Detailed description of the invention
Fig. 1 CETS early stage of lung cancer detects integration apparatus
Fig. 2 CETS early stage of lung cancer detection service device flow chart
Fig. 3 CETS early stage of lung cancer detection service device preprocessing module
Fig. 4 standard Heng Shi unit CT images
Fig. 5 binary conversion treatment
Fig. 6 convex closure and expansion are repaired
Fig. 7 lung exposure mask
Fig. 8 lung image
Fig. 9 CETS early stage of lung cancer detection service device Lung neoplasm accurately detects sorter network (TNet-VE)
Figure 10 Lung neoplasm testing result
Figure 11 CETS early stage of lung cancer detection service device lung cancer detection sorter network
Figure 12 CETS early stage of lung cancer detection service device Lung neoplasm quickly detects sorter network (TNet-VQ)
Specific embodiment:
The present invention is described in detail with specific embodiment with reference to the accompanying drawing.
As shown in Figure 1, early stage of lung cancer detection device of the present invention and system CETS are whole by early stage of lung cancer detection touch-control
Hold (100), early stage of lung cancer detection service device (200) and early stage of lung cancer detection case storage equipment (300) composition.
The early stage of lung cancer detects touch control terminal (100), includes mainly model parameter setup module and post-processing module, is used for
Parameter setting, detection model selection and testing result before CETS detection are checked, print and are retrieved.
As shown in Fig. 2, early stage of lung cancer detection service device (200) mainly includes preprocessing module and lung cancer detection depth model
(Lung neoplasm 3D detects sorter network+lung cancer 3D and detects sorter network);Patient 3D pulmonary data can be divided by CETS automatically
256*256*256*1 data block detects knuckle areas using Lung neoplasm 3D detection sorter network and classifies to it, then
TOP10 Lung neoplasm and biasing tubercle input lung cancer 3D are detected into sorter network, obtain the detection classification knot of lung cancer classification and probability
Fruit generates the early stage of lung cancer and detects classification report, and shows in system touch control terminal.
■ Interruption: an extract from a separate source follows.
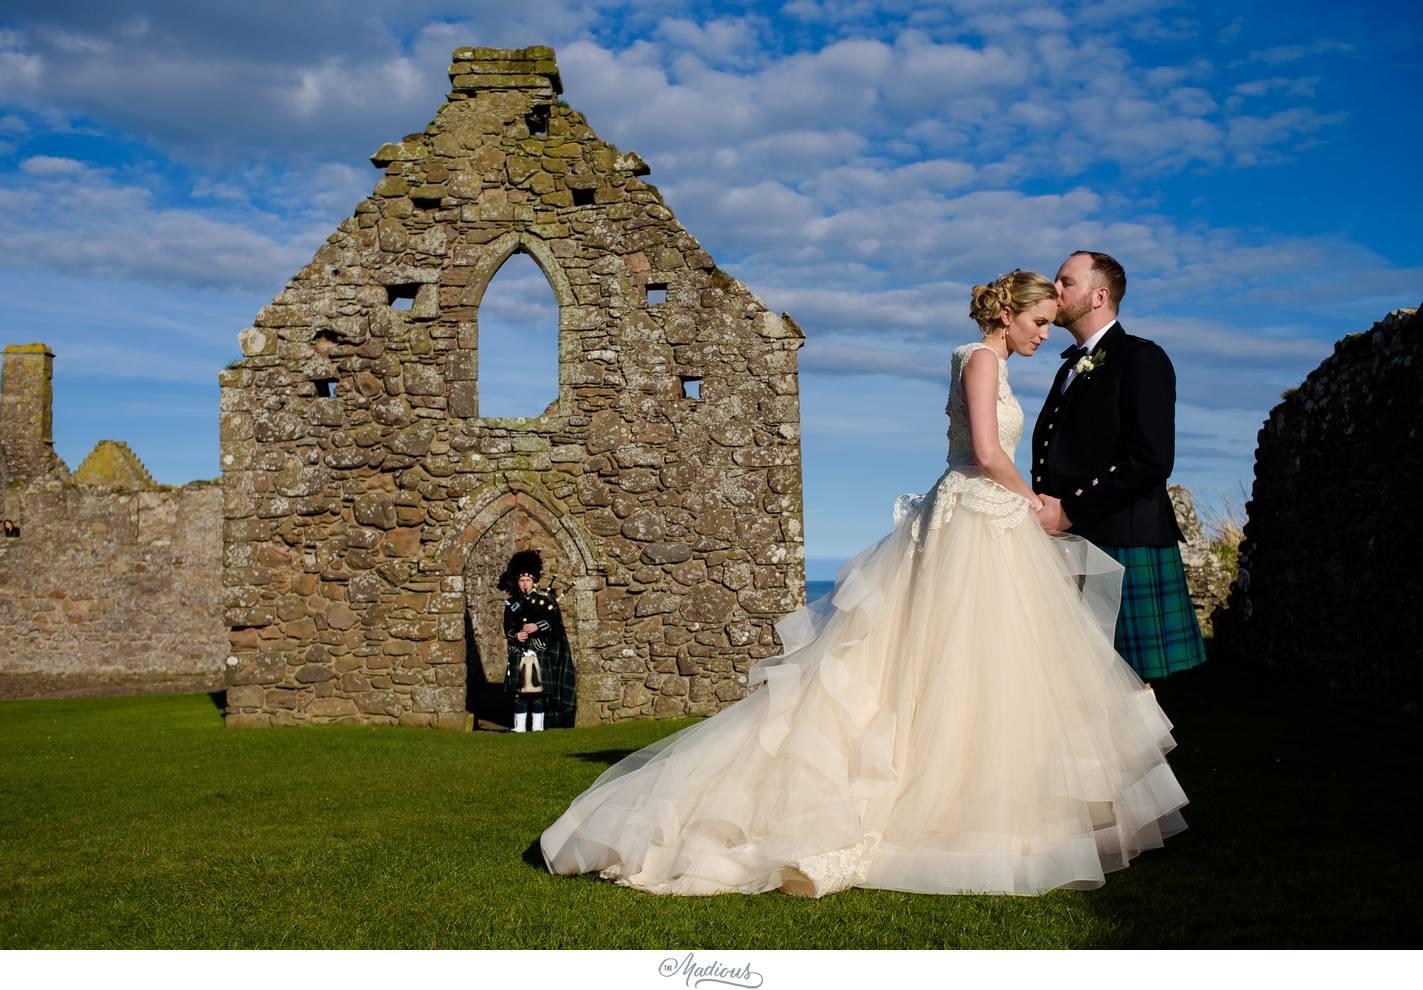 Balbegno_Dunnotar_Castle_Scottland_Wedding_42.jpg

Early stage of lung cancer detection case storage equipment (300) connects with the PACS system of hospital: mainly including confirmed cases library
With Model Self-Learning case library, doctor confirms that testing result is errorless, and automated back-up testing result to case is stored equipment by CETS
Confirmed cases library, and it is synchronized to PACS system, if testing result has differences with doctor's confirmed result, doctor can will be made a definite diagnosis
As a result case storage device model self study case library is uploaded to, Model Self-Learning is used for, updates server detection system.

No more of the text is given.